The Internet had its seeds planted with ARPANET, the information-exchange platform created for researchers in universities around the world by the U.S. Defense Advanced Research Project Agency in 1969. The Internet’s major growth spurt occurred after Tim Berners-Lee developed the HTTP protocol in the early 1990s, allowing users to access and link information through a simple and intuitive user interface—the Internet browser. Technically speaking the Internet is just the transportation medium over which data packets are transmitted. The World Wide Web is one of the applications using the Internet as a base infrastructure. Because of the overwhelming success of the World Wide Web, the term “Web” is often used to signify the Internet as such.

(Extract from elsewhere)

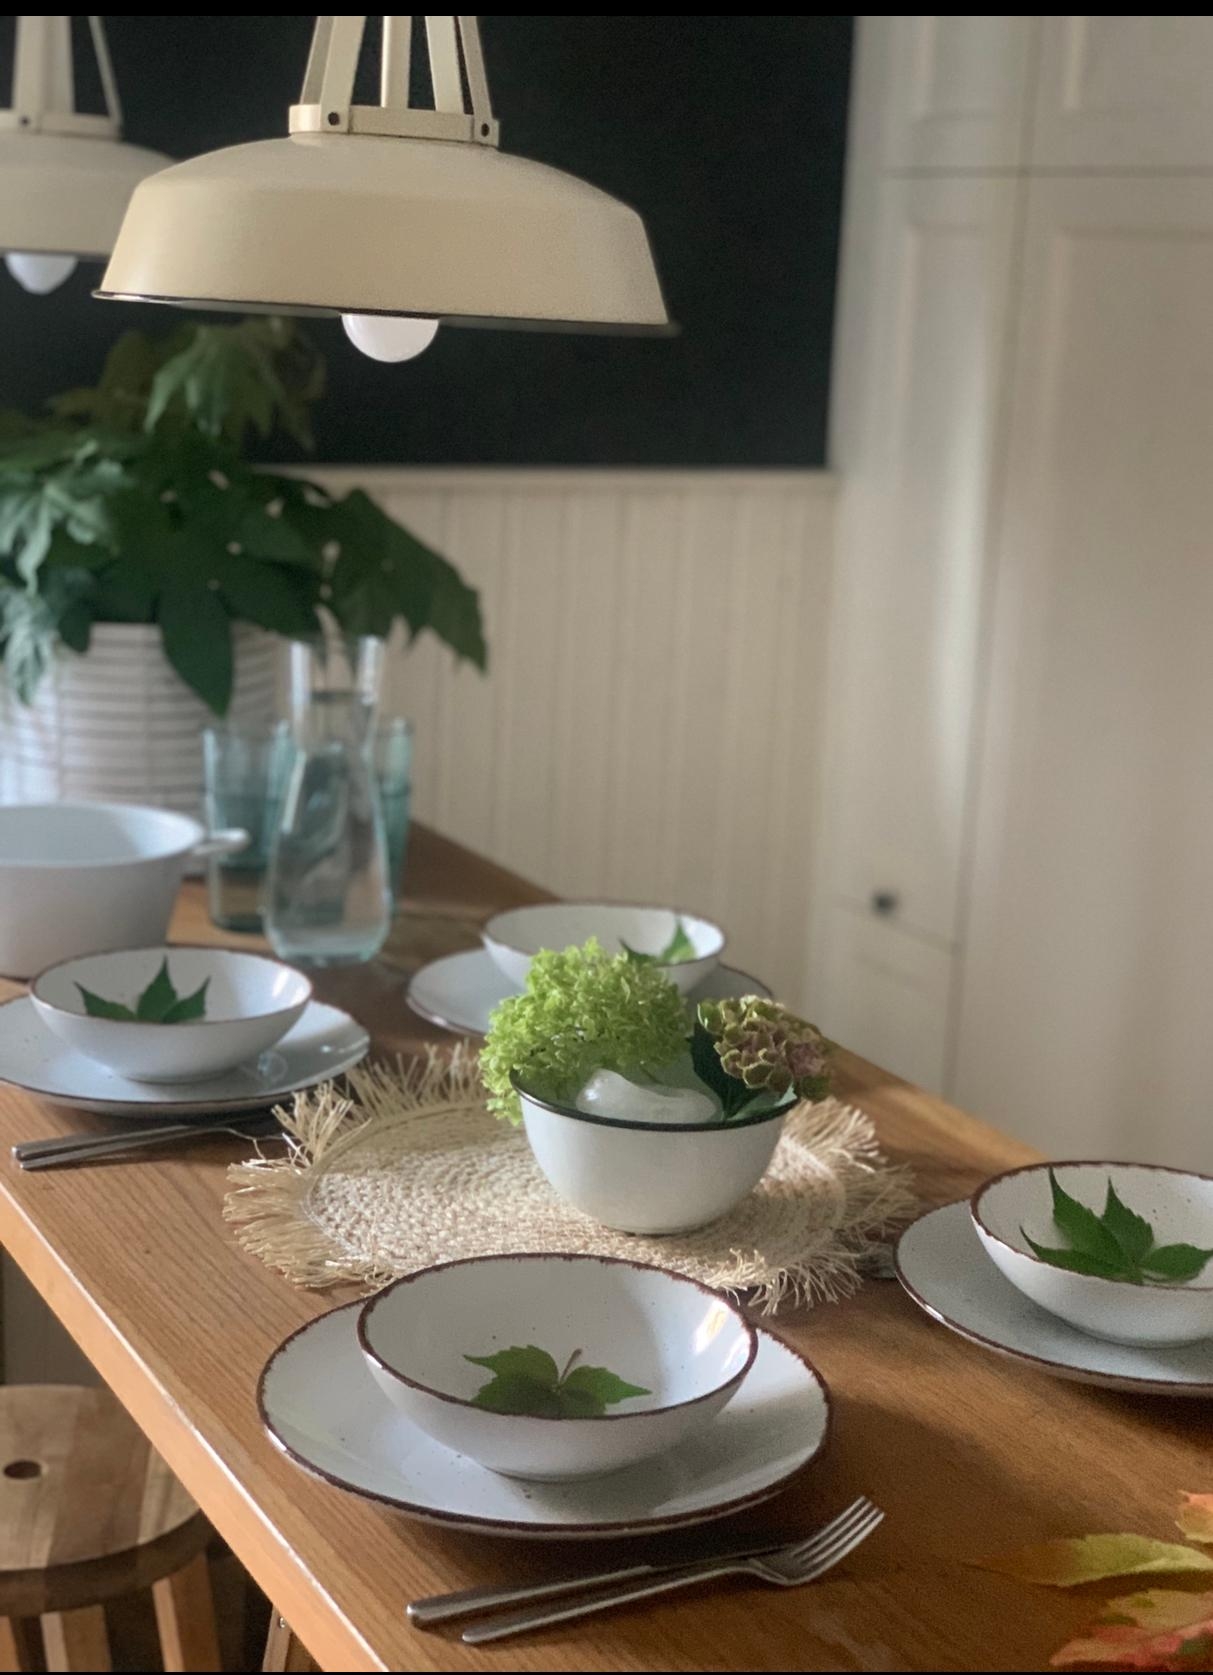 Ich liebe gemeinsame Essen an einem schön gedeckten Tisch. #hygge #livingchallenge #herbstdeko #minimalistisch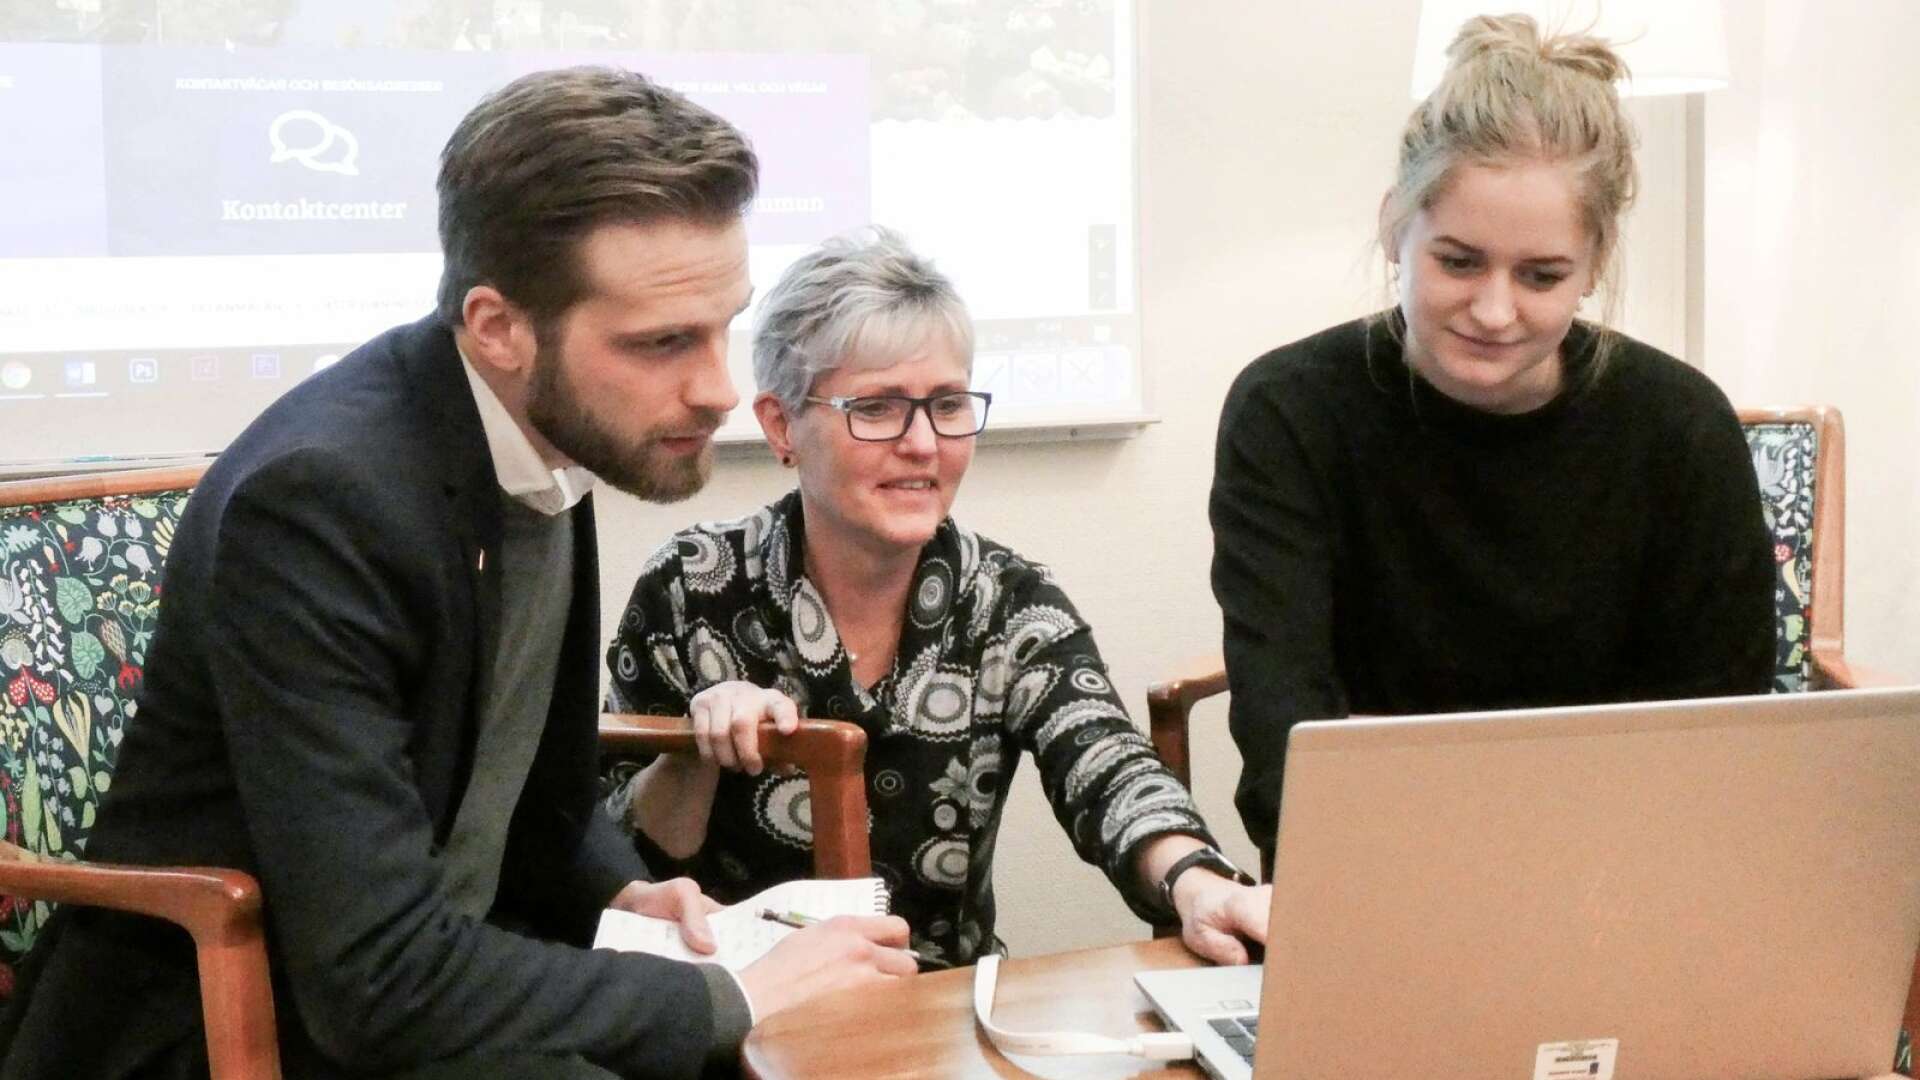 Johan Österman, kommunikationsansvarig, Maria Olsen, webbkoordinator, och Sara Vintfjärd, kommunikatör gläds över framgången för kommunens webbplats.

At first, universities were the early adopters of the Internet, but before long tech wizards with an entrepreneurial spirit realized that a commercial application could produce millionaires and billionaires. By the early 2000s, there was virtually no medium- or large-sized organization without a presence on the Internet, with the bulk having a Website and communication connectivity with email. As of 2005, tumbling computer and Internet connectivity prices have made it possible for the majority of households in the developed world to access the Internet through high-bandwidth lines.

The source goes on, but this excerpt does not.